In a statement, the US regulator has said it has "reminded" around 2,200 product manufacturers and researchers by letter of the reporting requirements for studies registered with the clinicaltrials.gov database.
It added that its internal analyses suggest 29.6% of clinical trials that are "highly likely to fall under mandatory reporting requirements" still have no results uploaded to the registry.
The data transparency issue became a flashpoint for the pharma industry a few years ago, with the FDA eventually issuing warning notices to various companies and researchers that had failed to submit results as required by federal law.
Under current US regulations, phase 2 to 4 trials of FDA-regulated drugs, biologics, and devices – including unapproved products and international studies with a US component – should be uploaded to the registry within 12 months of the study's primary completion date.
"Far too often, companies are suppressing unfavourable clinical trial results and keeping them secret from patients and the scientific community," commented FDA Commissioner Marty Makary.
"Those sponsoring clinical trials have an ethical obligation to make results public regardless of the data's influence on the company's share price," he added. "Too many clinical trial sponsors and researchers are failing to report their results, leaving important information unavailable to clinicians and other researchers."
According to the agency, the failure to report results is leading to significant gaps in the public record and a publication bias that is obscuring the true landscape of drug development outcomes and creating a distorted perception of the safety and efficacy of medical products.
For now, the FDA is simply asking trial sponsors to make sure they meet the required reporting standards, but it has also threatened to up the ante for those that fail to do so by issuing notices of non-compliance, which can lead to fines.
That's something that has happened rarely, with only eight such notices listed by the FDA on its website, with Acceleron, Accuitis, Ocugen, and Light Sciences Oncology among the recipients, but there is no record of any 'civil money penalties' being applied to date.

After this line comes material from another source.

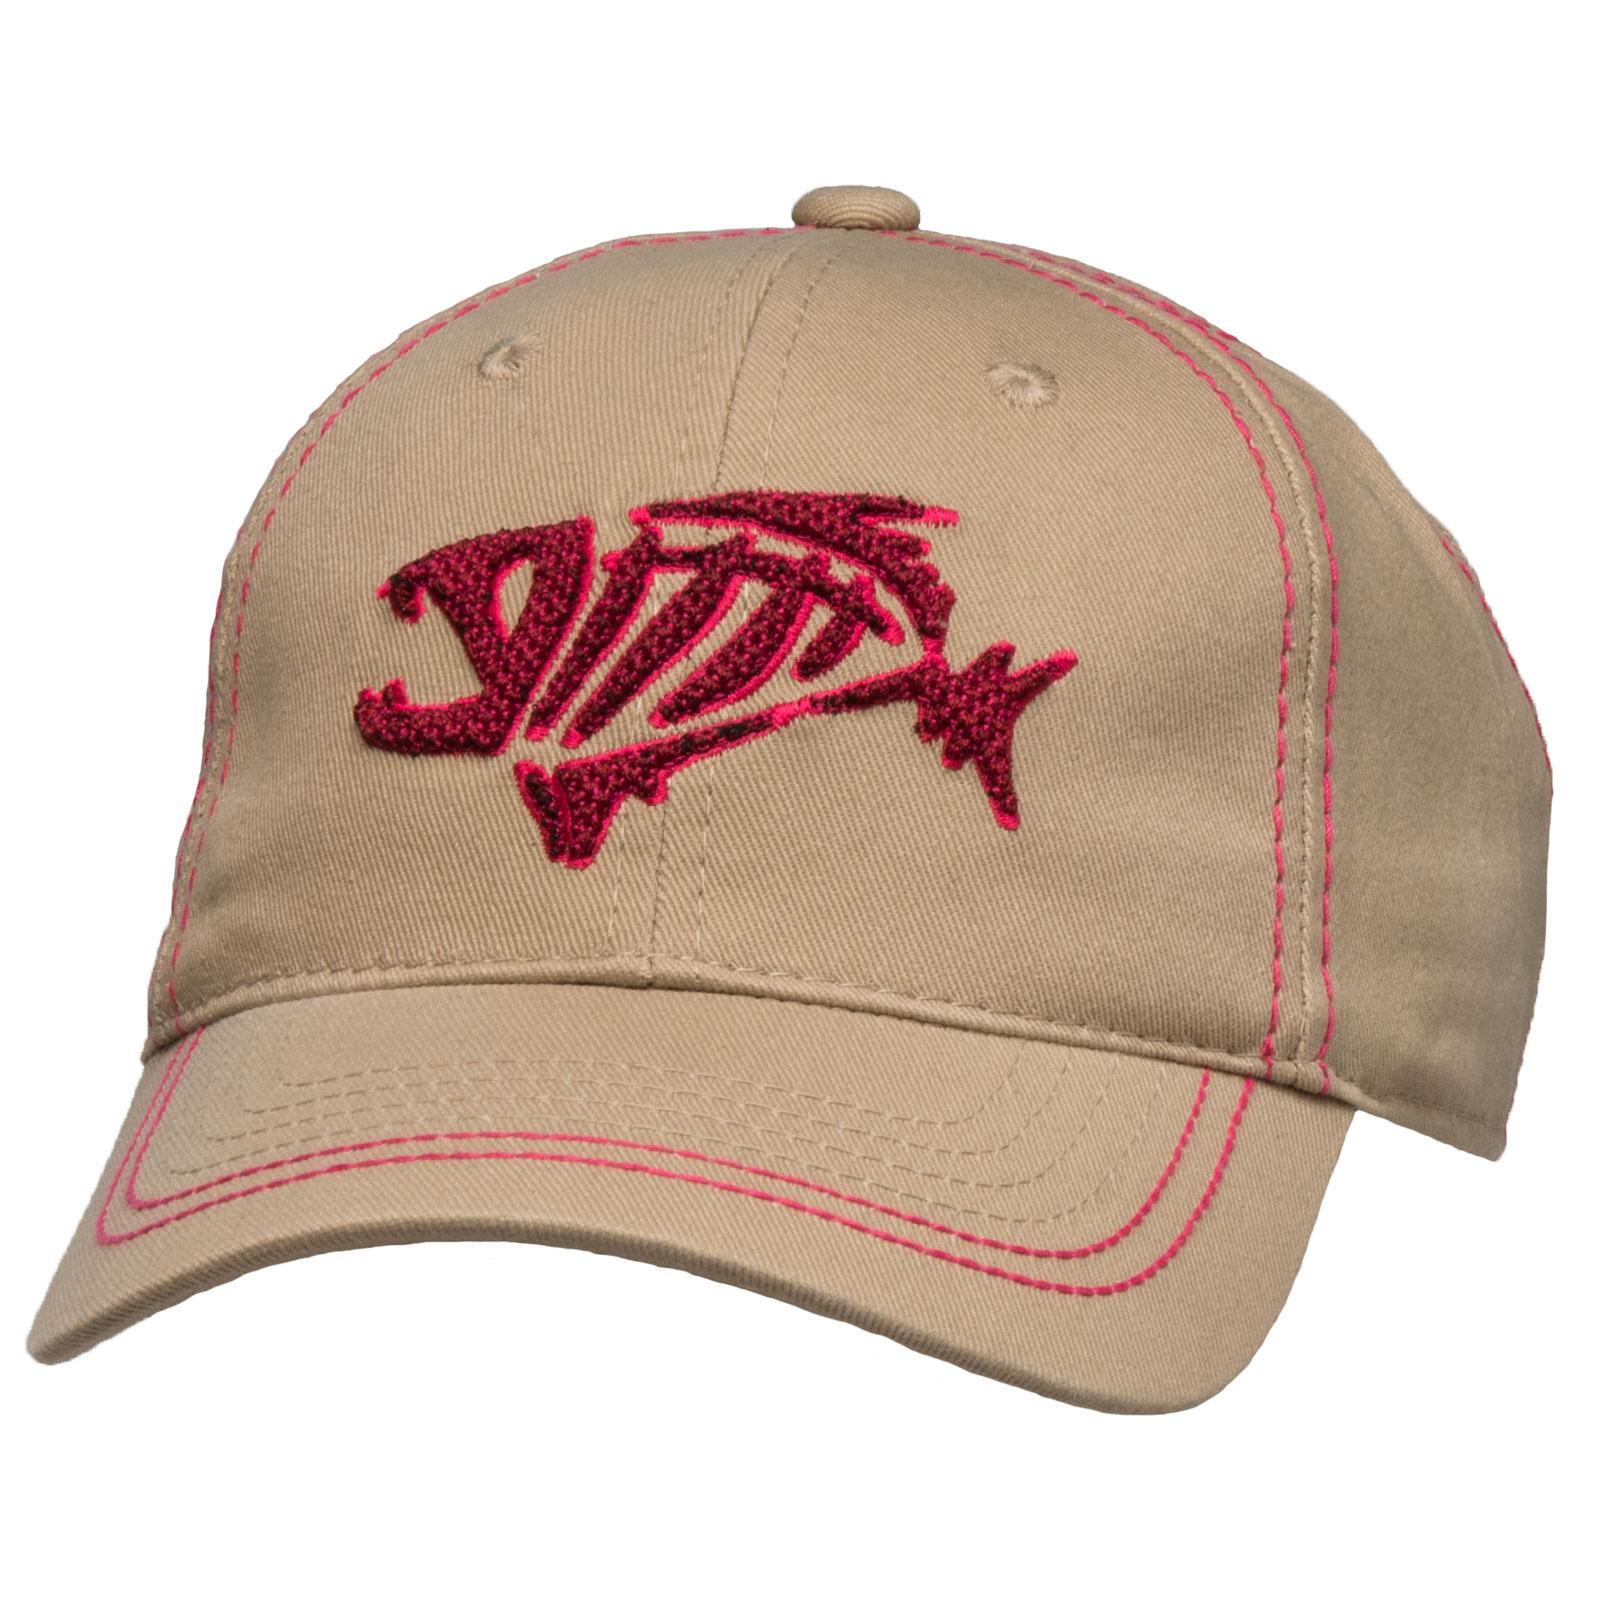 G Loomis Skeleton Fish Logo Women 39 S Khaki Cotton Cap One

There are also over 230 'pre-notices of non-compliance' listed by the FDA, which are letters sent to sponsors suspected of failing to submit required clinical trial information.
According to a 2020 paper published in The Lancet by researchers at Oxford University in the UK, analysing clinicaltrials.gov registrations over an 18-month period between 2018 and 2019, only 40% of studies had results submitted within the one-year deadline. Two-thirds of them had results uploaded, but outside the required timeframe.
The authors concluded at the time that compliance with regulations was "poor, and not improving," with unreported results distorting the evidence base for clinical practice, breaching researchers' ethical obligations to patients, and wasting research resources.